Sis anint *, a pointer to an integer, which is a memory address, which is on your machine twice the size of an integer.If you want the size of the array (I.e., the number of elements), you can't get that directly in pure C. But since this is a c++ question, there is a way: use a
vector, which has asize()method.Actually, this isn't quite true: within the function that you declare
S(and only if it's explicitly initialized at compile time as you do in your example -- evennew int[19]doesn't work), thesizeofoperator actually does get the correct answer, which is why c++ allows you to do this:and then you can use
v.size()(see these docs).The template version by Nawaz elsewhere is another excellent suggestion which forces the compiler into carrying the full information about the construction of the c++ array around (again, note that this is all known at compile time, which is why you can be explicit about the size in the argument).
您正在获取指向数组的指针的大小。
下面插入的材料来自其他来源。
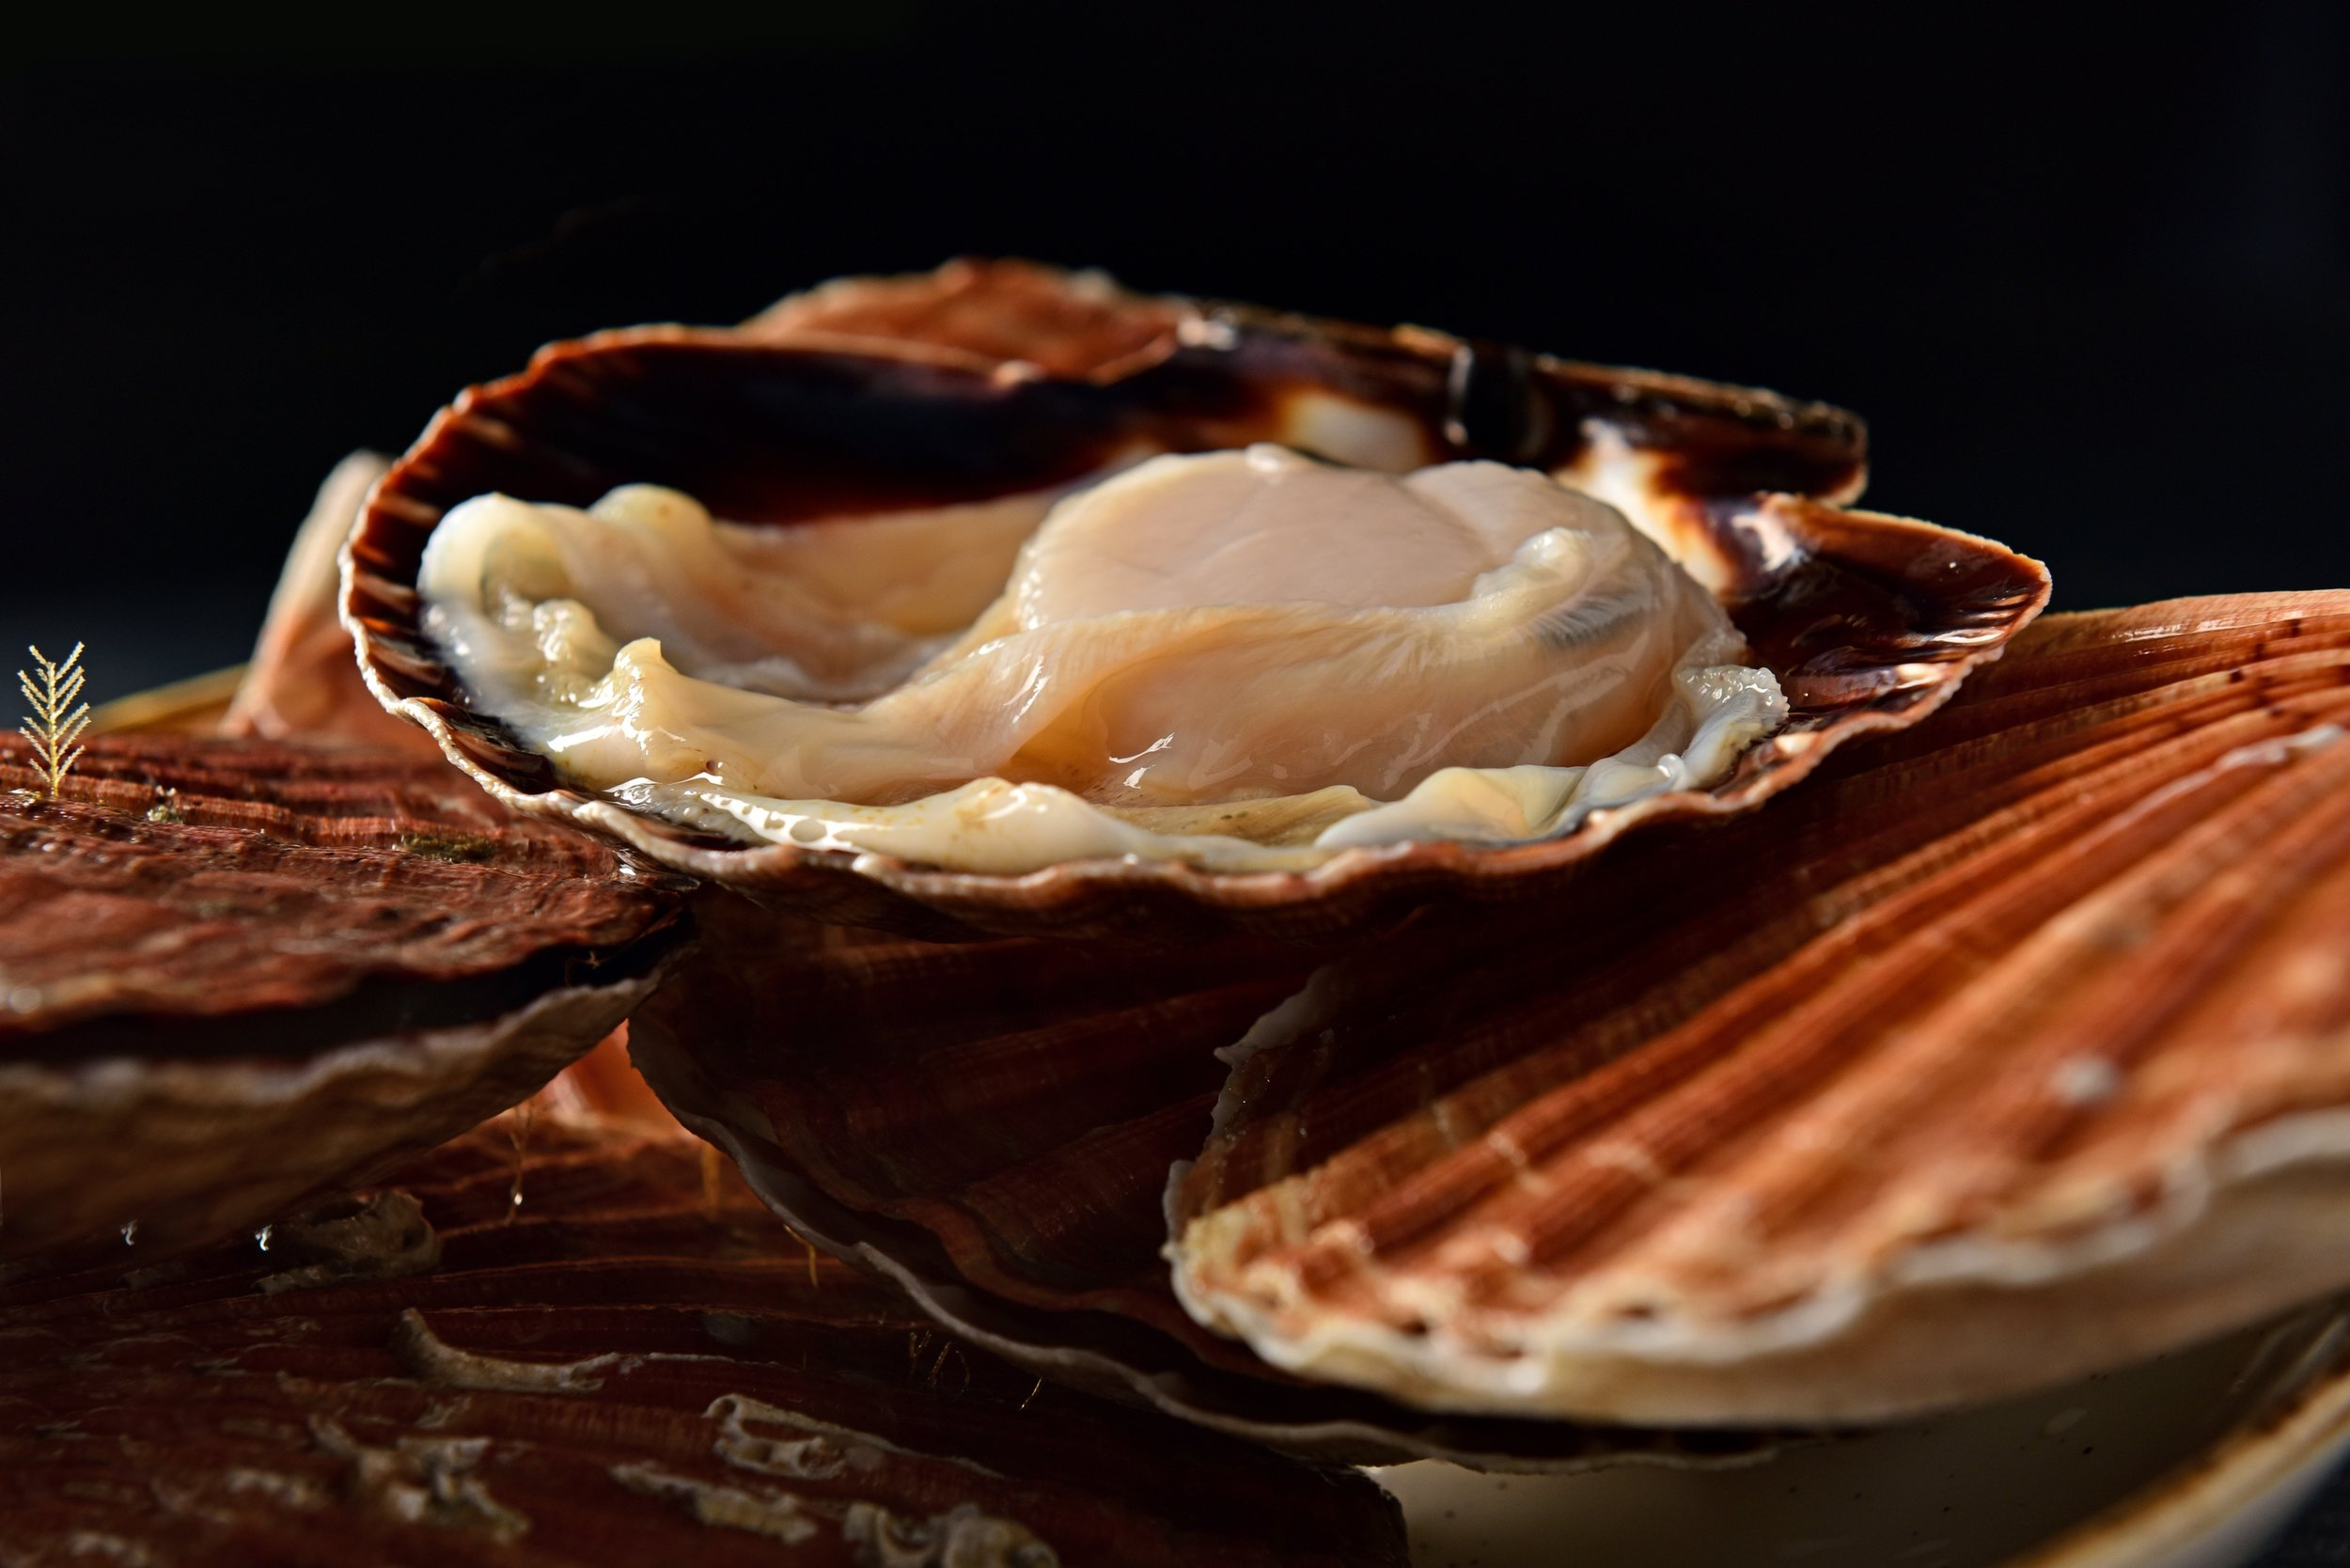 18 brasserie juste restaurant Dikkelvenne tablefever bart albrecht culinair fotograaf foodfotograaf.jpg
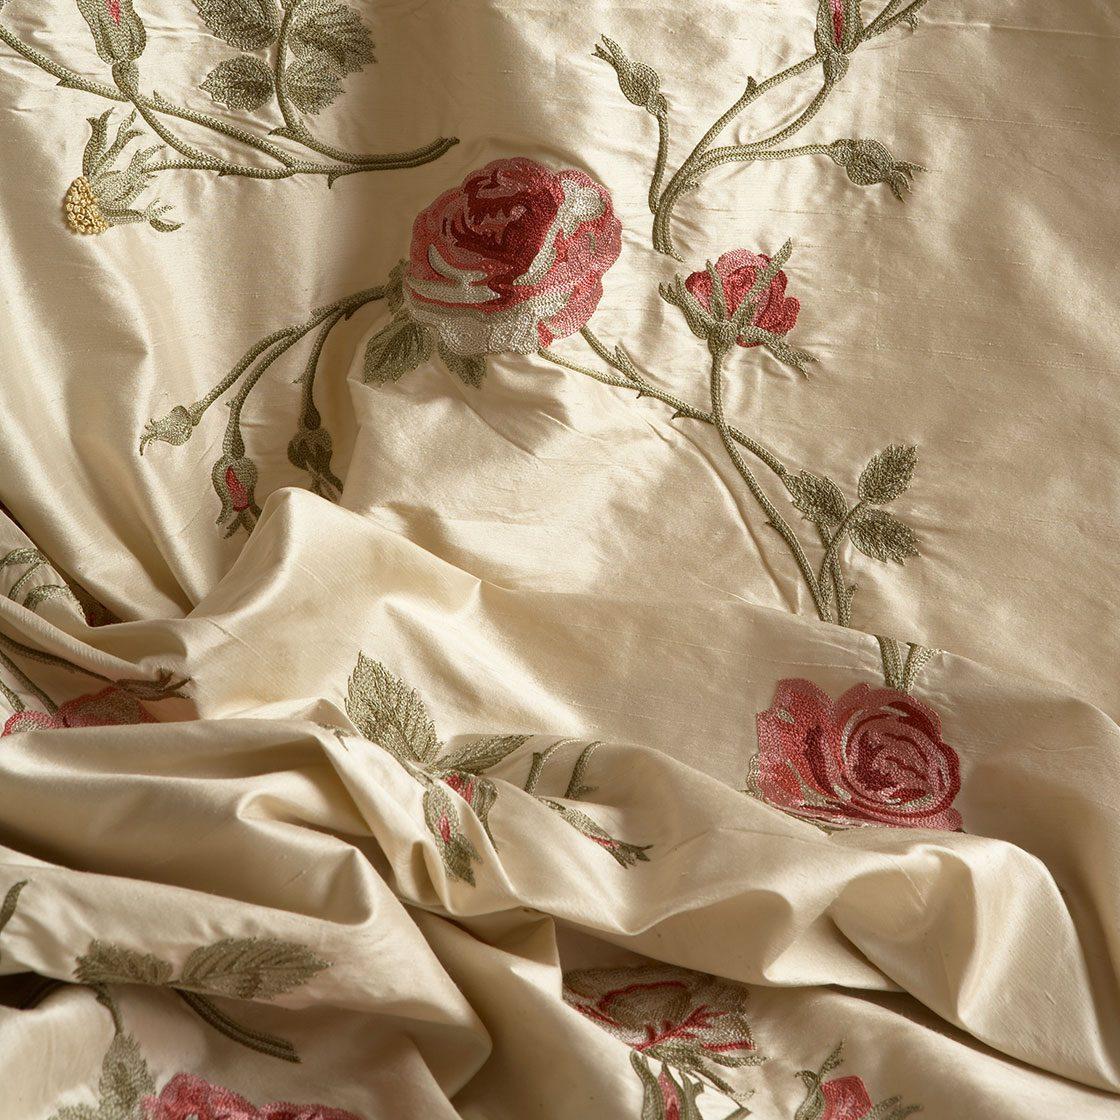 Rosewalk - On Plain Silk Alabaster - Beaumont & Fletcher - Beaumont & Fletcher

如果您想要数组的大小,则必须将元素数量乘以每个元素的大小。
you are getting the size of the pointer to the array. If you want the size of the array you have to multiply the number of elements by the size of each element.
您必须将数组的大小传递给函数。
由于您仅传递指向数组中第一个元素的指针,因此您的函数没有有关其实际大小的信息。
如果你仔细想想,这是多余的:D
You will have to pass the size of the array to the function.
Since you are only passing a pointer to the first element in the array, your function has no information on its actual size.
This is redundant though, if you think about it :D
为了防止这种类型的意外误用 sizeof,您可以定义一个仅适用于数组的函数:
如果您在代码中使用此函数,则在应用于 S1 时您会看到编译器错误,因为它不是数组。另外,它比 sizeof array / sizeof array[0] 更短且更明确(使用第一项的大小意味着您不必重复数组类型)。
这也已经以更通用的形式存在于 Boost 中(接受带有 size 方法的任何内容,例如 std::vector)。
To prevent this type of accidental misuse of sizeof, you can define a function which only works on arrays:
If you use this in your code, you'll see a compiler error when applied to S1, as it is not an array. Plus, it's shorter and a bit more explicit than sizeof array / sizeof array[0] (using the size of the first item means you don't have to repeat the array type).
This also already exists in Boost in a more general form (accepting anything with a size method, such as std::vector).